On the VM, the script is run in parallel (using GNU parallel) to increase the rate that the target servers are checked. The VM runs as many parallel connections as it can handle (maxed out resources) which equates to roughly 100 connections at any given time.
The first part of the script initiates an SSH connection and passes about 30 commands to the target server (basic commands such as top, cat ..., grep ..., etc). Results are stored in a local file.
The second part of the script initiates an SCP request and copies zero to many (max 30) gzip files to the local server based on their filename timestamp -- these files represent logs of the activity on the servers, where more active servers have larger/more gzipped log files.
I've set a limit in GNU parallel of 140 seconds. If steps 1 and 2 combined take longer than 140 seconds then end the job and move on. This number is high as the process shouldn't take longer than 100 seconds.

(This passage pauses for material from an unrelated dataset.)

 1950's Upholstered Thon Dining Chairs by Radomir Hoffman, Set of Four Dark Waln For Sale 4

So far I've covered how the data is pulled. The data is stored in many txt files on the local VM, each named with the ip address and date of creation -- this is necessary for later aggregation and analysis by our monitoring tool. I've also had to hash the files into directories based on their IP structure.. i.e.:
ip 1.2.3.4 would be in folder 1.2/1.2.3/1.2.3.4_sshresult_date.txt
This was done because the monitoring/aggregation tool had a difficult time reading from a single folder with such a large number of files. Once our monitoring tool reads the .txt files it also deletes them to prepare for the next day's run.

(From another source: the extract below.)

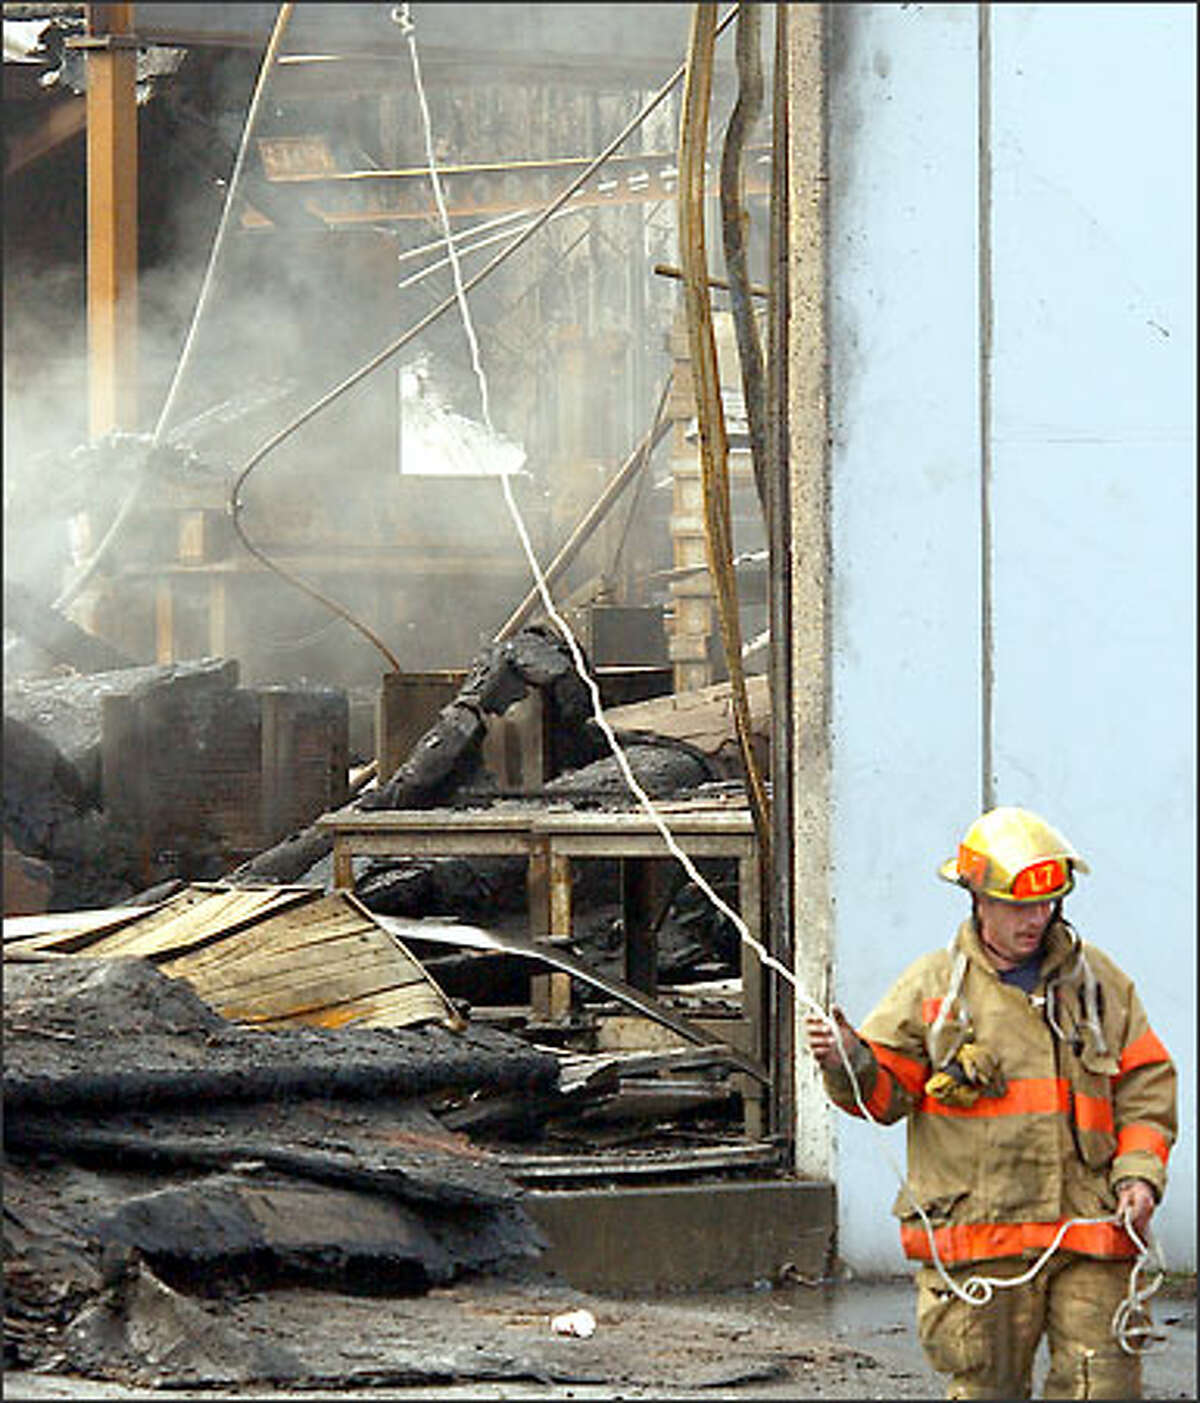 A Seattle firefighter drags a line that guides an overhead nozzle in an effort to put out a still-smoldering fire at Capital Industries, a Georgetown metal-fabricating company. The main building of the third-generation family business was destroyed by the blaze Sunday.

This is a big issue for me as when this process was first put in, it took 5 hours to complete. In the past 2 months that number has climbed to 8.5 hours, with no changes in the script. I've added some extra logging to the SSH and SCP components of the script and each day I can see that the average SSH time increases by 0.5 to 1 second. The same goes for the SCP execution.
What I've tried:
1) Reinitializing the monitoring/aggregating tool (which sits activtely on the VM as well) in case it was causing a memory leak or file locking issues.
2) Rebooting the server occasionally to clear memory in case there existed a general memory leak from any source.

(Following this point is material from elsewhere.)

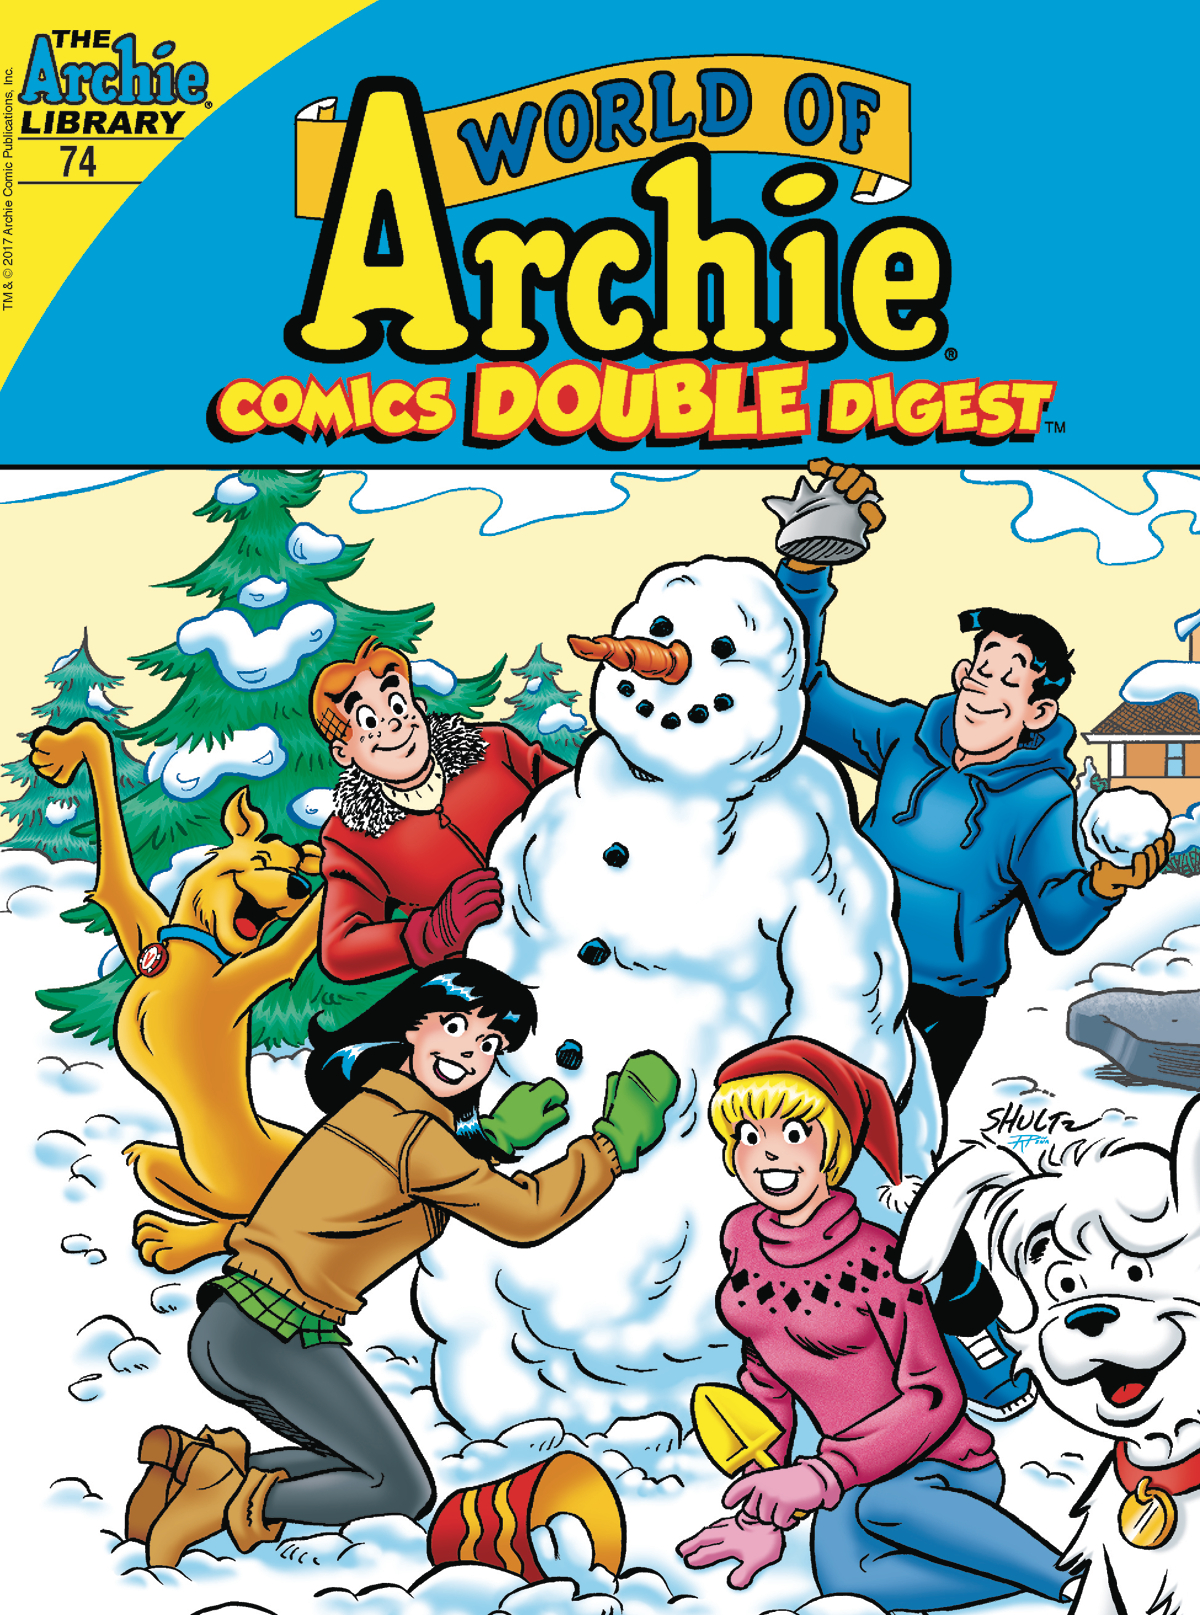 World of archie comics double digest #74 (OCT171187) .

Some possible explanations that I've thought of or have been suggested to me:
1) inodes on the local VM may be out of wack due to the large number of files created and deleted each day. I've never had to deal with inode management so I'm not sure if this is plausible, or how to deal with it if it is the issue.
2) Something I thought was perhaps the process of connecting each day by SSH and SCP to a remote server is producing some effect on that remote server which is actually causing it to respond more slowly each day -- this would be worst case scenario. I don't see how initiating an SSH&SCP session once each per day could affect the target server, but could this be possible assuming the target server could be considered 'old/fragile'?
Sorry for the long post, I just wanted to make sure I gave enough detail. Please let me know if you have any questions and I'll do my best to answer.
Thanks for any help provided! I'm relatively new to large scale bash scripting and I want this thing to run efficiently.